┌─ Records shown

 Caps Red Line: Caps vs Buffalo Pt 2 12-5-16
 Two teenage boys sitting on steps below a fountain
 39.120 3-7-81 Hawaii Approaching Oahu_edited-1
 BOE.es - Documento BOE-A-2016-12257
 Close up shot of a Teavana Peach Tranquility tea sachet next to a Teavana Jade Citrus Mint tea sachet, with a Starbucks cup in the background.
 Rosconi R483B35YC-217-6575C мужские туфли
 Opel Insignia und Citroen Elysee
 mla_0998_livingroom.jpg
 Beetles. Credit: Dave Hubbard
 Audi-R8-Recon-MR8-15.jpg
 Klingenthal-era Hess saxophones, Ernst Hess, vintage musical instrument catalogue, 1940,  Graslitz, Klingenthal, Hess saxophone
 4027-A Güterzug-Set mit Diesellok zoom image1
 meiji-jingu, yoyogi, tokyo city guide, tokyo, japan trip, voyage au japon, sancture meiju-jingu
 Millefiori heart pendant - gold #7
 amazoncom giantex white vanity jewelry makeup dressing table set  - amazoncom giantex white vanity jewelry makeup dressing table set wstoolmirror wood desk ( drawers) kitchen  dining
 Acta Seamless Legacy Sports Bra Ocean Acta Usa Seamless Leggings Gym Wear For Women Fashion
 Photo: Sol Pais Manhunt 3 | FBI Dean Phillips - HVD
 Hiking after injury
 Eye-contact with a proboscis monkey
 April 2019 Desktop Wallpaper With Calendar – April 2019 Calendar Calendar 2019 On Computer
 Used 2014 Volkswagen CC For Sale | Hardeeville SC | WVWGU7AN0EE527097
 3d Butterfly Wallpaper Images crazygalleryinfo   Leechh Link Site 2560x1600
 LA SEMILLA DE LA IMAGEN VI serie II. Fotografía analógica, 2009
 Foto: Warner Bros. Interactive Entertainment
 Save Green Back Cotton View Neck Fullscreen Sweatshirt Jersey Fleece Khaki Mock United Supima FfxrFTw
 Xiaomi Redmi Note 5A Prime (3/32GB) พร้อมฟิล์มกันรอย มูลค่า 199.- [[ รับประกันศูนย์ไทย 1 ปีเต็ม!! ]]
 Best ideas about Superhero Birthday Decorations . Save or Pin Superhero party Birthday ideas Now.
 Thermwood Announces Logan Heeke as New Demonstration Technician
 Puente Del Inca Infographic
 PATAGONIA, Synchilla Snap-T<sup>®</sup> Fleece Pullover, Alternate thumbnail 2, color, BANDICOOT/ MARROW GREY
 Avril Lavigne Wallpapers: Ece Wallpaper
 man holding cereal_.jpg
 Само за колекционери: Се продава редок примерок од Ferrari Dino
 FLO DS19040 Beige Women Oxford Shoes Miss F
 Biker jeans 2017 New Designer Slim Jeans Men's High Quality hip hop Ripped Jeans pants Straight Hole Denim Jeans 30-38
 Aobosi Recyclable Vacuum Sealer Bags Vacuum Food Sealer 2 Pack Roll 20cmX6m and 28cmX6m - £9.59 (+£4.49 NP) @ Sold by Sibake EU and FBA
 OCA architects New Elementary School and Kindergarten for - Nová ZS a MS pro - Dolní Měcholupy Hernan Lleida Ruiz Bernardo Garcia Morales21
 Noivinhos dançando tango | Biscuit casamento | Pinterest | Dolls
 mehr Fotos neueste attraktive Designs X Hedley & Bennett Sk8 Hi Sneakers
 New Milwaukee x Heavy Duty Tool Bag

└─

Which lines run from the first of the listing to the line containing "BOE.es - Documento BOE-A-2016-12257"? Reproduce those exactly, both ends included.

 Caps Red Line: Caps vs Buffalo Pt 2 12-5-16
 Two teenage boys sitting on steps below a fountain
 39.120 3-7-81 Hawaii Approaching Oahu_edited-1
 BOE.es - Documento BOE-A-2016-12257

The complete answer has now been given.